Jro Gde Sudibya
Hari ini, Senin, 13 Mei 2025, raina Purnama Jiestha, Purnama di bulan ke 11 dalam kalender Bali. Besok, 14 Mei 2025, raina Anggarkasih Medangsia, puodalan ring Pura Andakasa, di Selatan Pulau Bali, pemujaan Tuhan Brahma dengan pengurip 9. Pura Goa Lawah di Tenggara Bali, pemujaan Tuhan Maheswara dengan pengurip 8. Pura Luur Uluwatu, di Barat Daya, pemujaan Tuhan Rudra dengan pengurip 3. Bali dengan simbolik Padma Bhuwana, Bunga Padma berkelompok 8, dengan kekuatan Tuhan Ciwa di 8 penjuru Angin, dengan uncaran mantra: SA BA TA HA I NA MA SI WA YA, dengan Pusat dan Timur Laut Pura Penataran Agung Besakih sebagai pemujaan Tuhan Ciwa dan Tuhan Swayambhu.
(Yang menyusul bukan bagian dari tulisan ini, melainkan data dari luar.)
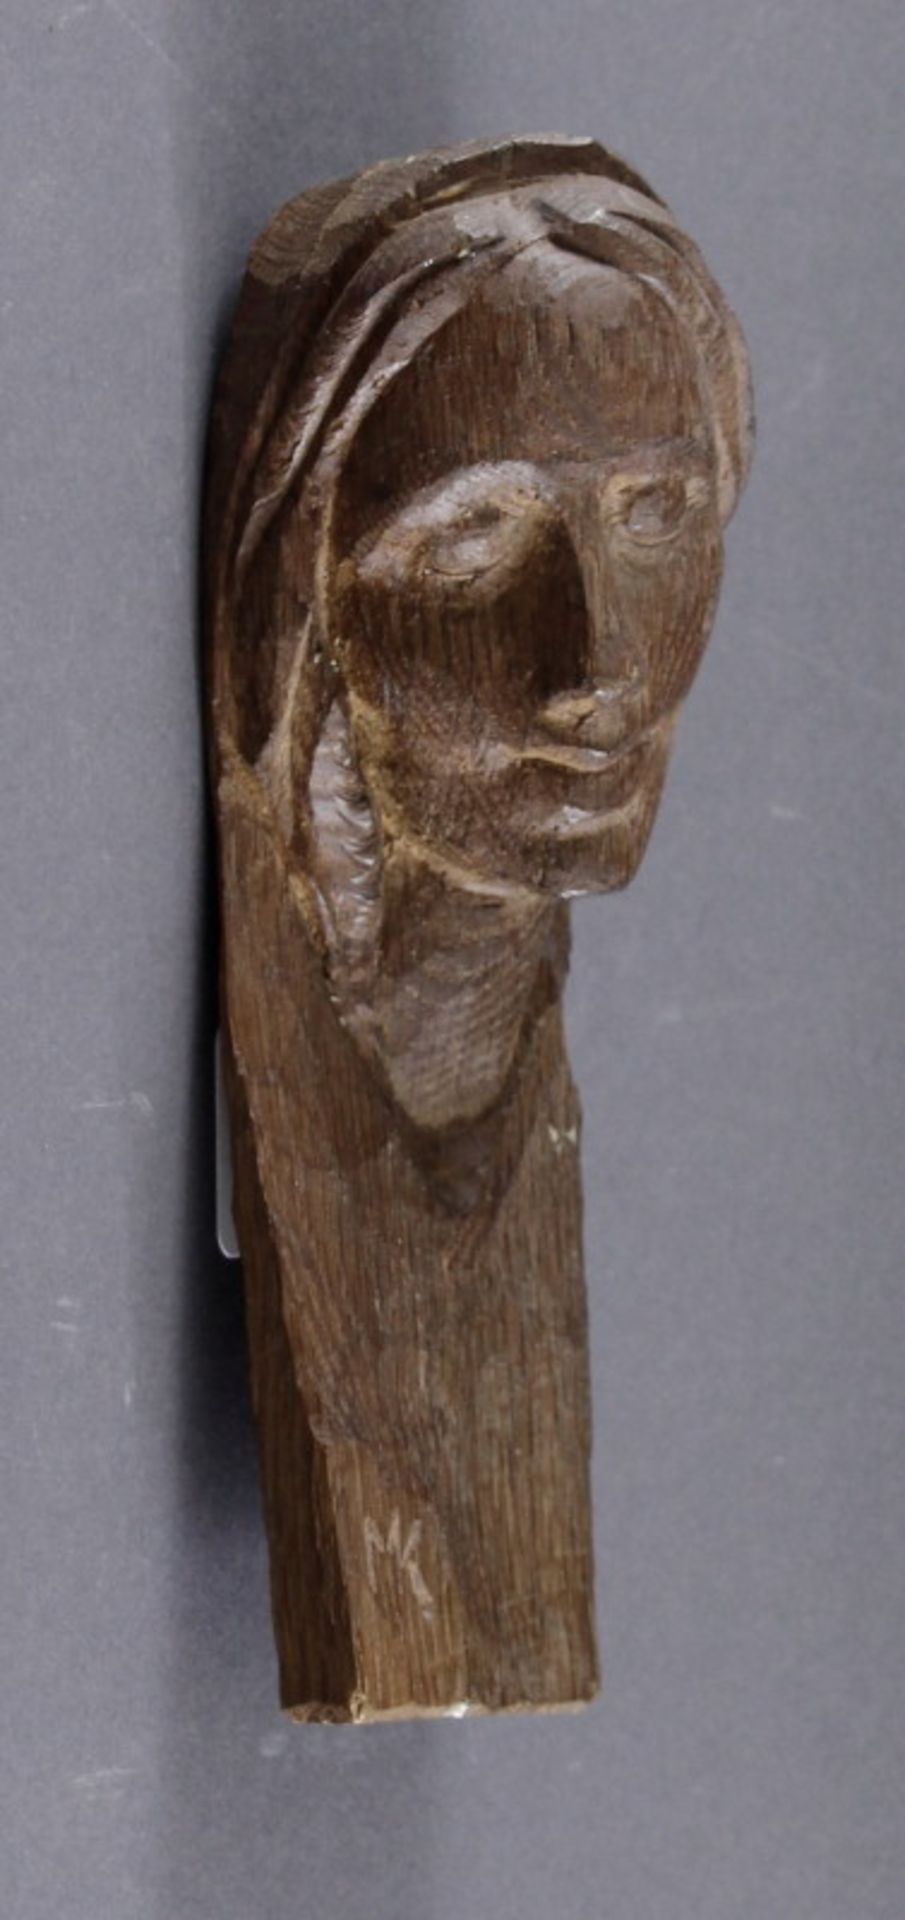 Robert Michael Komorowski (1905 - 1970), Holz Skulptur, "Madonna" monogrammiert "MK", originaler - Bild 2 aus 3

Bali sebagai Padma Bhuwana tersirat dan tersurat, manusia penghuninya, untuk sederhananya, berada dan menjadi bagian dari realitas Tuhan Ciwa dengan Asta Cakti Nya, yang menyesap dan terserap dalam tubuh rokhani manusia-manusia Bali. Sehingga, konsekuensi logis spiritualnya, Moksha menjadi tujuan hakiki final tujuan manusia dalam perspektif holistik Catur Purusha Artha: Dharma, Artha, Kama, Moksha. Moksha sebagai kebebasan rokhani, di sini dalam dunia yang maya ini, melalui laku hidup: “sukha tan pawali dukha”, membebaskan diri dari keterikatan duniawi, SUSUPTI (tidur tanpa mimpi) yang menggambarkan keterbebasan dari keterikatan kenikmatan duniawi.
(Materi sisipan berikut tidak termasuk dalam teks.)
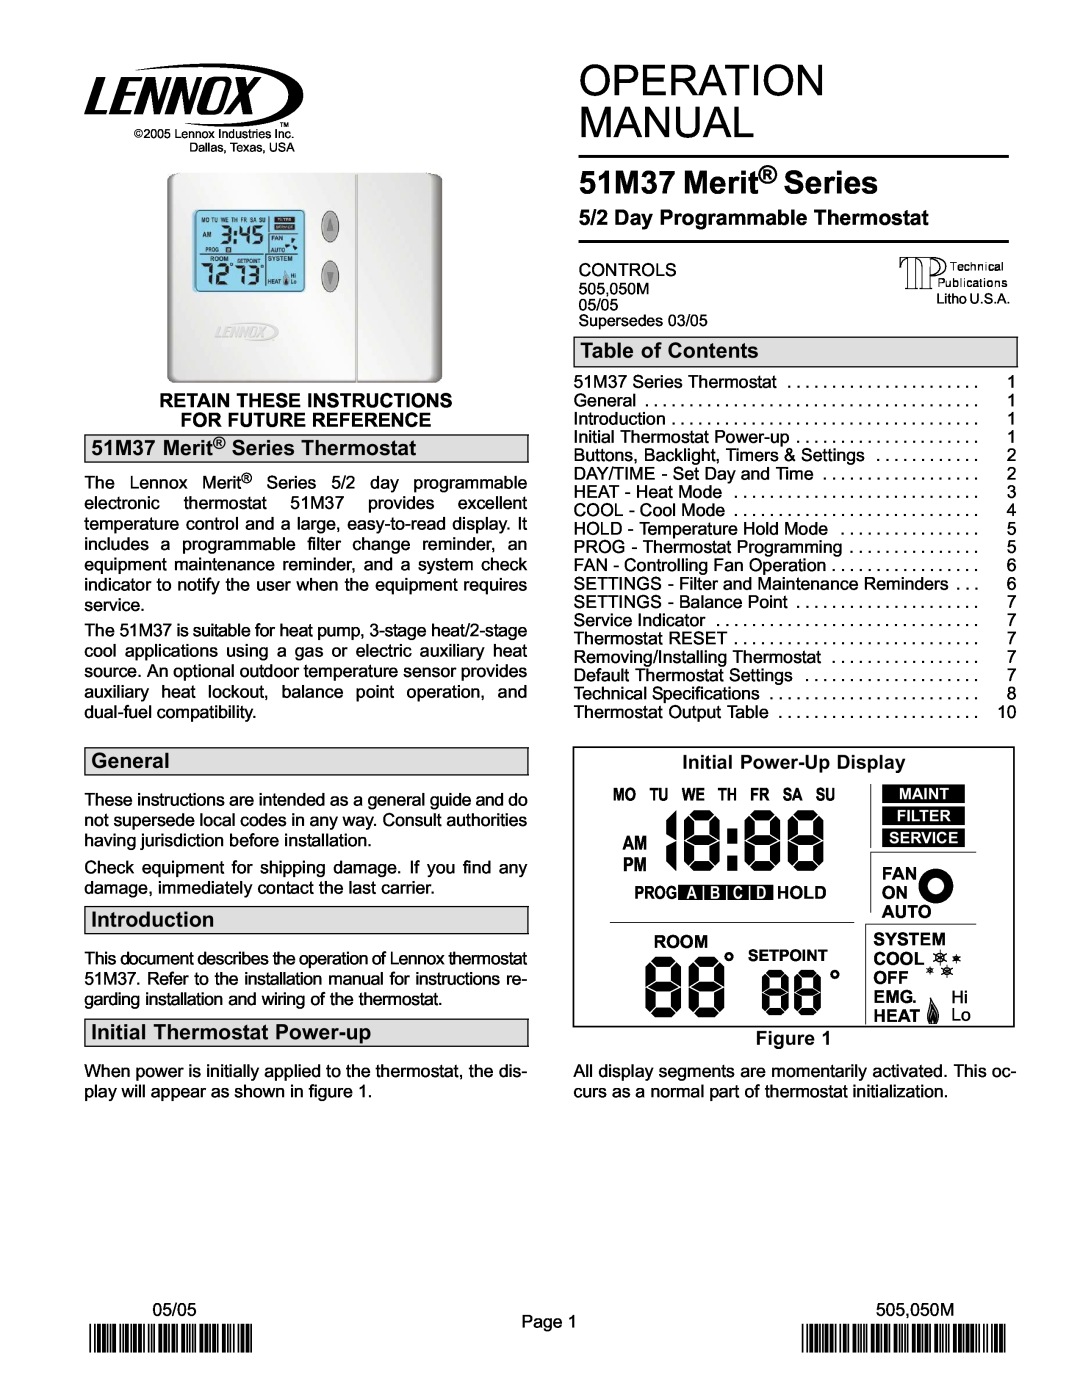 Lennox International Inc operation manual I8, 2P0505, P505050M, 51M37 Merit Series Thermostat, General

Tetapi realitasnya manusia Bali, laku “yasa kerthi”nya tidak menuju ke jalan pembebasan diri Moksha, tetapi sebaliknya, terus menikmati dan melipatgandakan kenikmatan dari totalitas kesenangan duniawi, dari: kekayaan, kepintaran, kecantikan, kegantengan, ketenaran, yang bisa saja berasal dari “pat gulipat” kehidupan, melanggar etika moral dan hukum karma itu sendiri.
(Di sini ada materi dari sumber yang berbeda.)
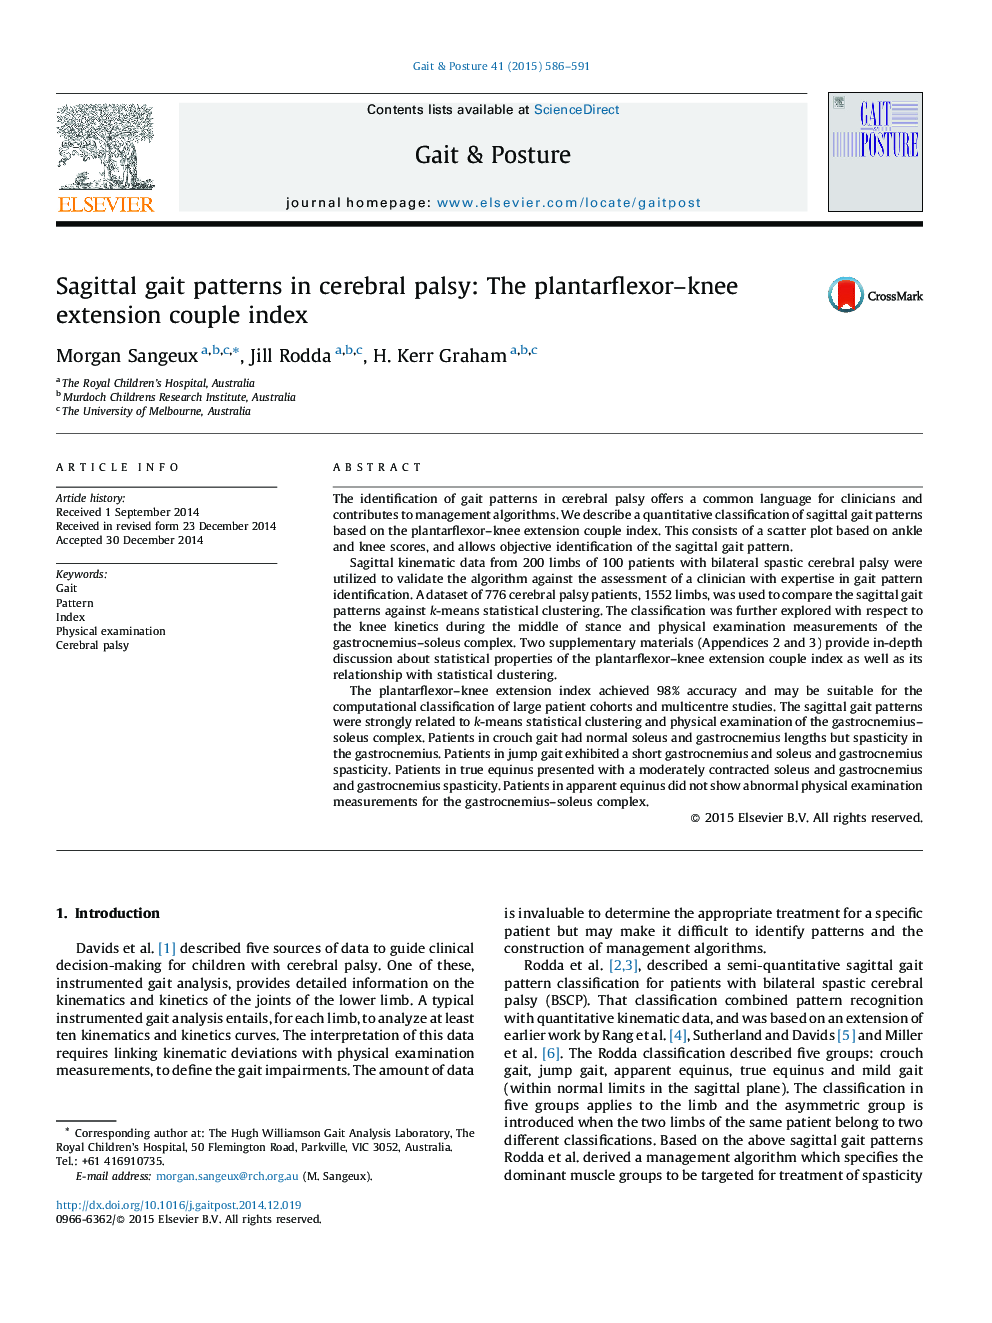 Sagittal gait patterns in cerebral palsy: The plantarflexor-knee extension couple index

Akibatnya terjadi kehidupan yang salah arah, NUNGKALIK. suka – duka dinikmati dan dipamerkan, dan kemudian derita SAMSARA, lahir – hidup – mati dan mati, lingkaran “setan” kehidupan, dipamerkan, dinikmati dengan penuh rasa bangsa.
Akibat sosial kulturalnya sangat mahal,menyebut beberapa; kerapuhan karakter, hilangnya panutan, matinya empati, tergerusnya solidaritas sosial. Dalam konteks Bali dan masa depannya: alam rusak parah, pemujaan terhadap kekuasaan, kekayaan menjadi rujukan kehidupan, terjadi social discontent, kekacauan sosial, masyarakat menjadi terasing di rumah budayanya sendiri.
Jro Gde Sudibya, intelektual Bali, penulis buku Agama Hindu dan Kebudayaan Bali.